Anthropic's Project Deal: when both sides of a sale are AI, your data does the negotiating

Anthropic ran a marketplace where Claude agents bought and sold real goods on behalf of employees. The headline isn't that it worked — it's that buyers using weaker models lost money and didn't notice. Here's what merchants should take from it.

ai-commerceai-agentsstrategy

Most of the AI commerce conversation so far has been about one side of the deal: how does a brand show up when a shopper asks ChatGPT for a recommendation? The unspoken assumption is that the shopper is human, the brand is human, and the AI is a referral channel sitting between them.

Anthropic just ran an experiment that breaks that assumption.

In December 2025, Anthropic stood up an internal classified marketplace called Project Deal. 69 employees got $100 budgets and listed personal belongings for sale to each other. Crucially, no human ever negotiated. Each participant was represented by a Claude agent that listed items, found matches, made offers, fielded counteroffers, and closed deals — all in natural language, in Slack, with no prebaked negotiation protocol. 186 deals closed, totalling more than $4,000 in real money for real goods.
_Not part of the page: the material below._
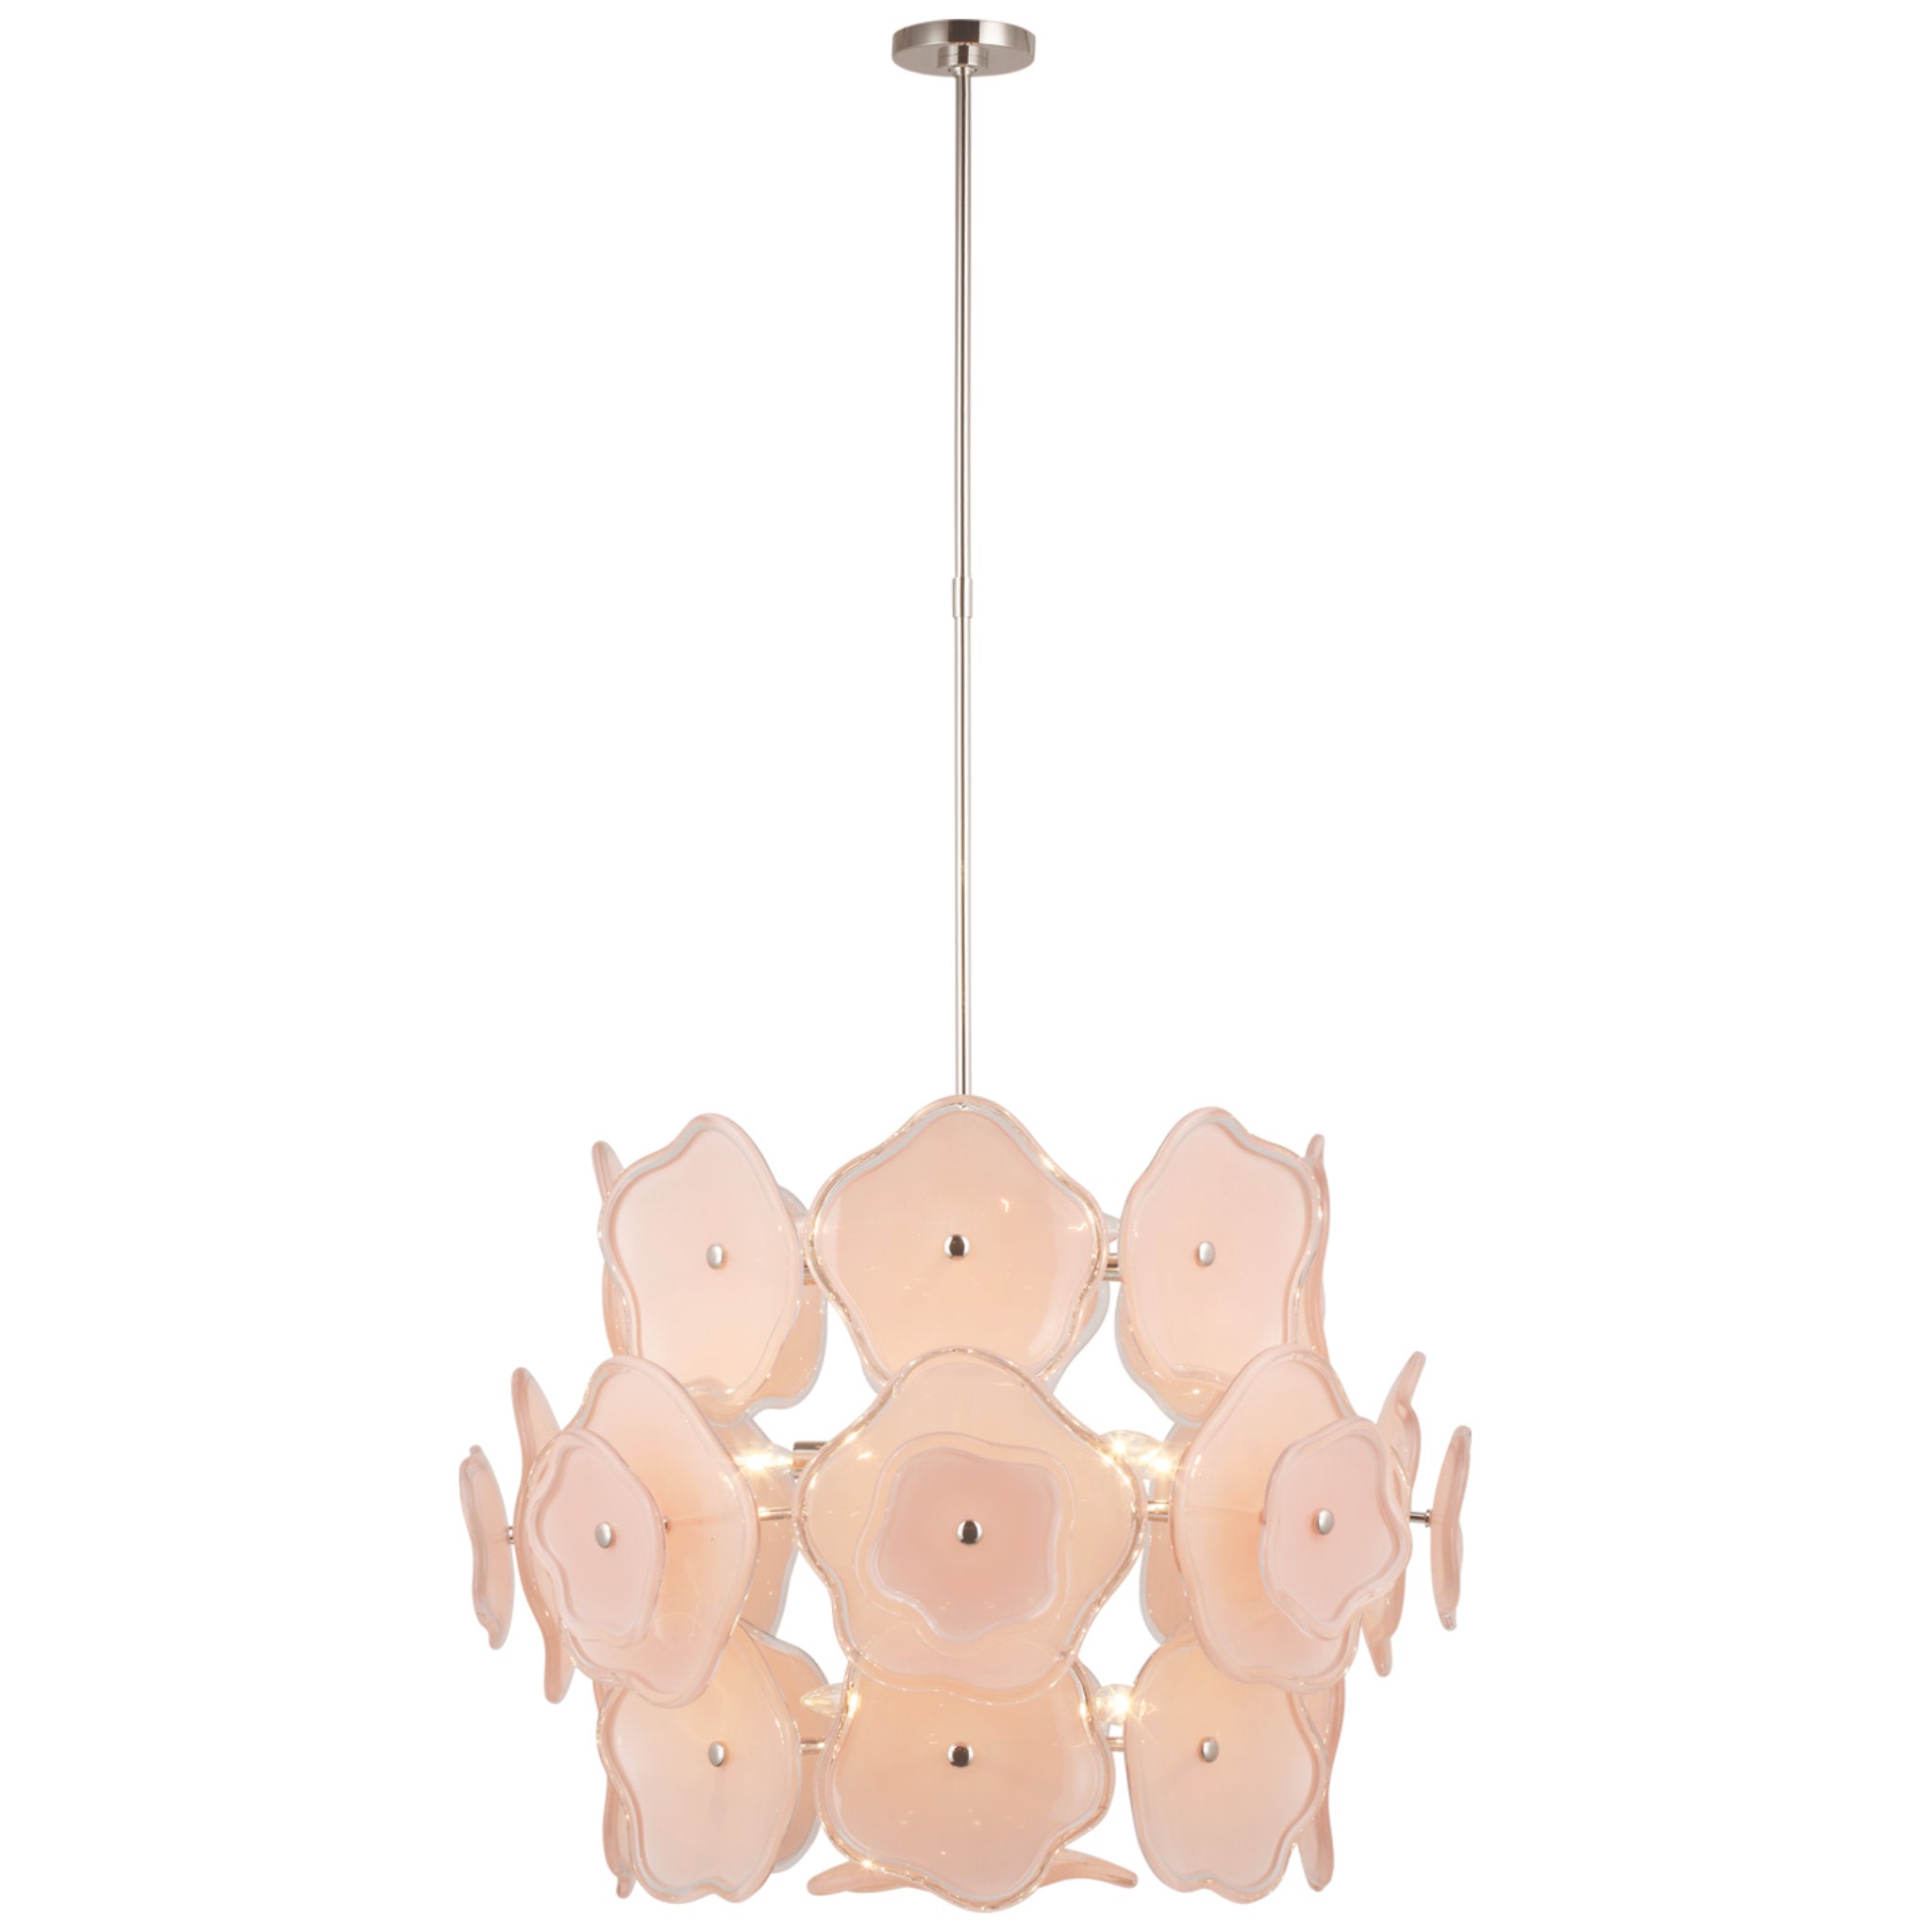 kate spade new york Leighton Large Barrel Chandelier in Polished Nickel with Blush Tinted Glass

TechCrunch covered the experiment on April 25. The headline finding most outlets ran with — that the experiment “worked” — is the least interesting thing about it. The interesting findings are the ones that should change how brands think about their product data.

Four runs, two model tiers, one deliberate mismatch

Anthropic ran four parallel marketplaces simultaneously, all populated by the same employees:

Runs A and D — every agent powered by Claude Opus 4.5 (the frontier model)
Runs B and C — 50/50 mix of Opus 4.5 and Haiku 4.5 (the smaller, faster, cheaper model)
One run was “real” — the deals in it produced actual goods exchanged. Participants didn’t know which.

The mixed runs are the load-bearing part of the design. They let Anthropic compare what happens when an Opus agent negotiates against an Opus agent versus what happens when an Opus agent negotiates against a Haiku agent across the same marketplace, with the same listings, and the same humans behind them.

The results, per Anthropic’s writeup:

Opus completed about two more deals per participant than Haiku.
Opus extracted $3.64 more per item on average.
A broken bike sold for $38 through a Haiku agent and $65 through an Opus agent. A lab-grown ruby sold for $35 vs. $65. Same item, same marketplace, different agents.
Opus sellers averaged a $2.68 price premium. Opus buyers paid $2.45 less.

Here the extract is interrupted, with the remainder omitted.